However, events in Ghana were not the anti-colonial success story that many have
come to believe, nor as simple and clean cut as the official version, put forward by
Nkrumah and his supporters, of a progressive anti-imperialist movement crushed by a CIAsponsored coup. In its quest for power, Nkrumah's pre-independence government made a
number of unprincipled and opportunistic arrangements with the British that had the effect
of condemning Ghana to exactly the kind of neocolonial economic relations that Nkrumah
constantly critiqued. Despite a tremendous radicalization and movement of the Ghanaian
people showing their own ability to transform society, Nkrumah insisted upon following top
down and parliamentarian methods of struggle that made any real social transformation or
committed struggle against imperialism impossible. Nkrumah, despite all the Marxist
verbiage he deployed in his writings, put very little of this rhetoric into practice after he
had used it to build a powerful mass party and come to a position of strength to negotiate
terms with the British.
It must be stressed that any study of Nkrumah and his political thought is made
difficult by the fact that his life progressed through a variety of different and
contradictionary political stages. From his birth in 1909 until 1935 Nkrumah remained in
the Gold Coast as a student and teacher uninvolved in concrete anti-colonial struggles. In
his years abroad in the United States and Britain from 1935 until 1947, Nkrumah was
greatly influenced by various strands of Marxist political theory and became deeply
involved in a wide variety of Pan-African political formations. The year 1947 saw Nkrumah
return to the Gold Coast where he became an integral part of the anti-colonial movement,
culminating in his election as Prime Minister of a Gold Coast government still under colonial
rule in 1951. From 1951 until formal independence in 1957, Nkrumah led the Gold Coast
parliament, continuing British colonial economic policies and becoming an increasingly
corrupt, autocratic, and out of touch leader.

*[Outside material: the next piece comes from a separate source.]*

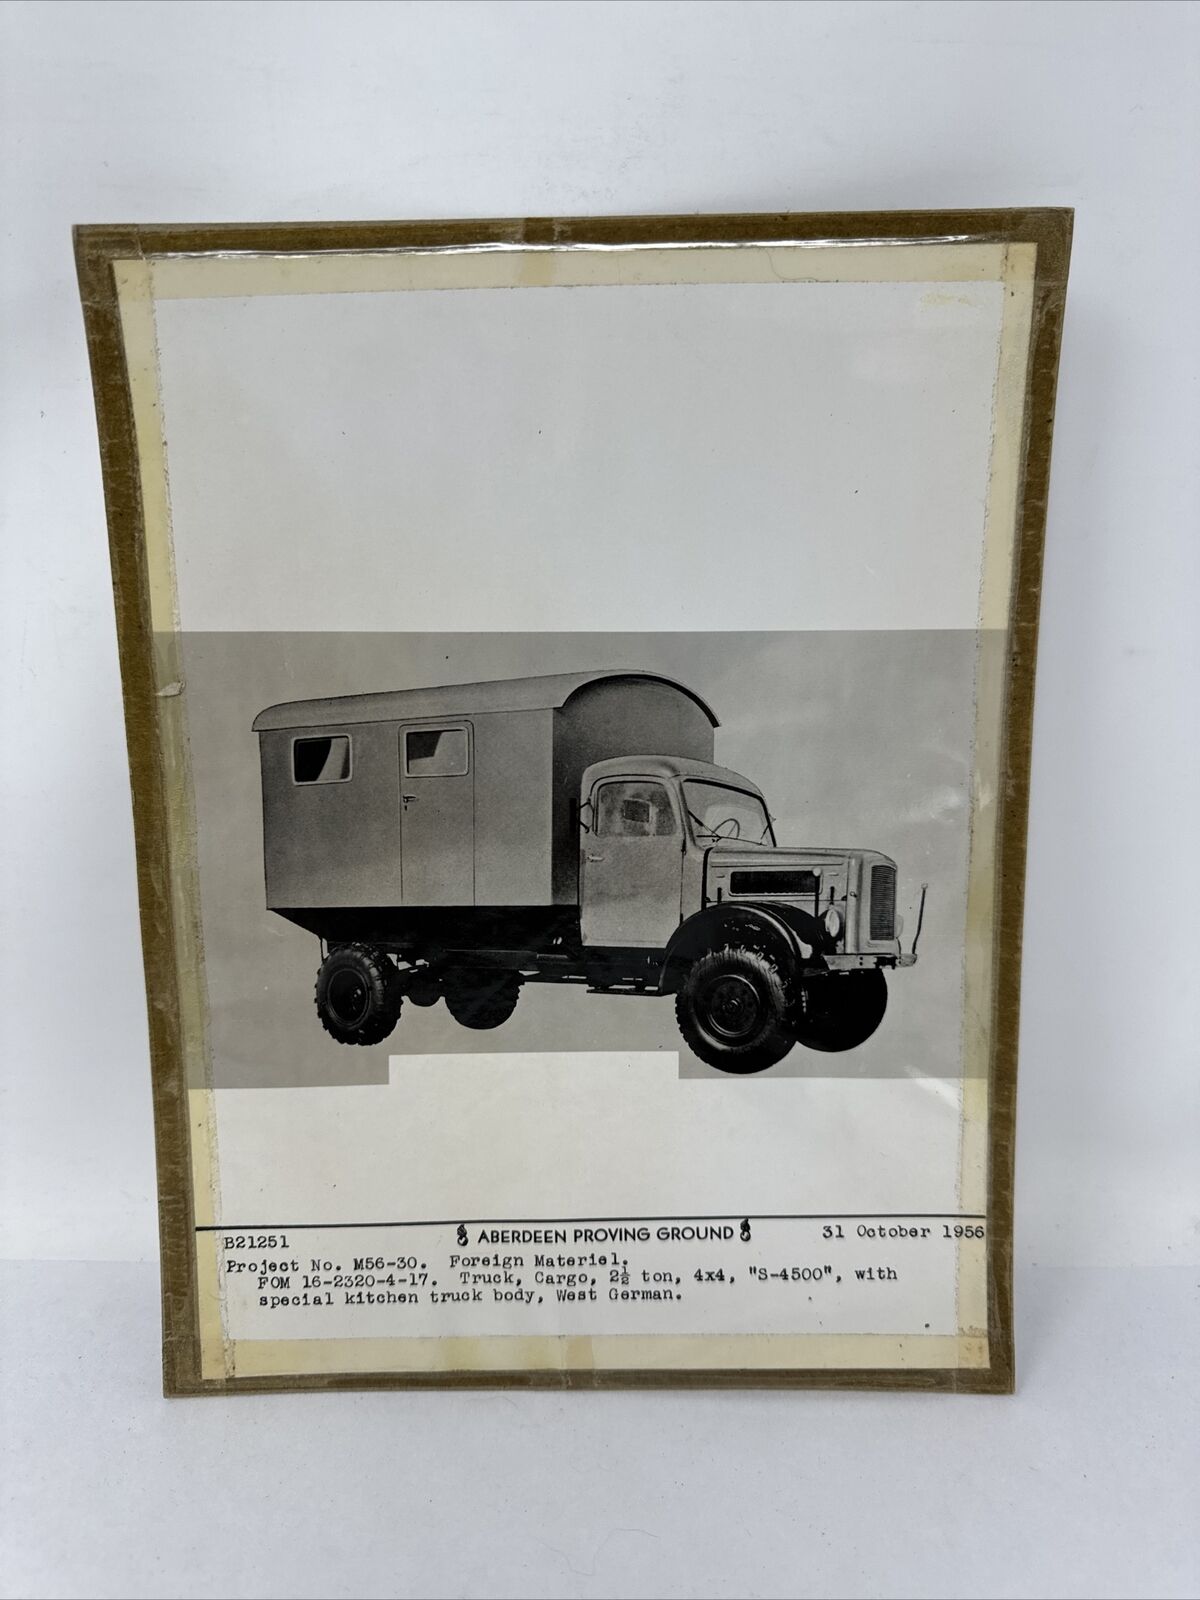 1956 Real Photo Army Truck Aberdeen Proving Ground Official Specs Vintage

The economic failures of western development
practices and the changing international political scene resulted in Nkrumah making an
economic and political turn towards the Soviet Union in 1961 that lasted until his regime
was deposed by a near bloodless military coup in 1966. Nkrumah spent the years from
1966 until his death in 1972 in exile in nearby Guinea where he re-invented himself as a
hard-line orthodox Marxist-Leninist, calling for class struggle and guerrilla war as the only
means of effective struggle for the anti-colonial movement.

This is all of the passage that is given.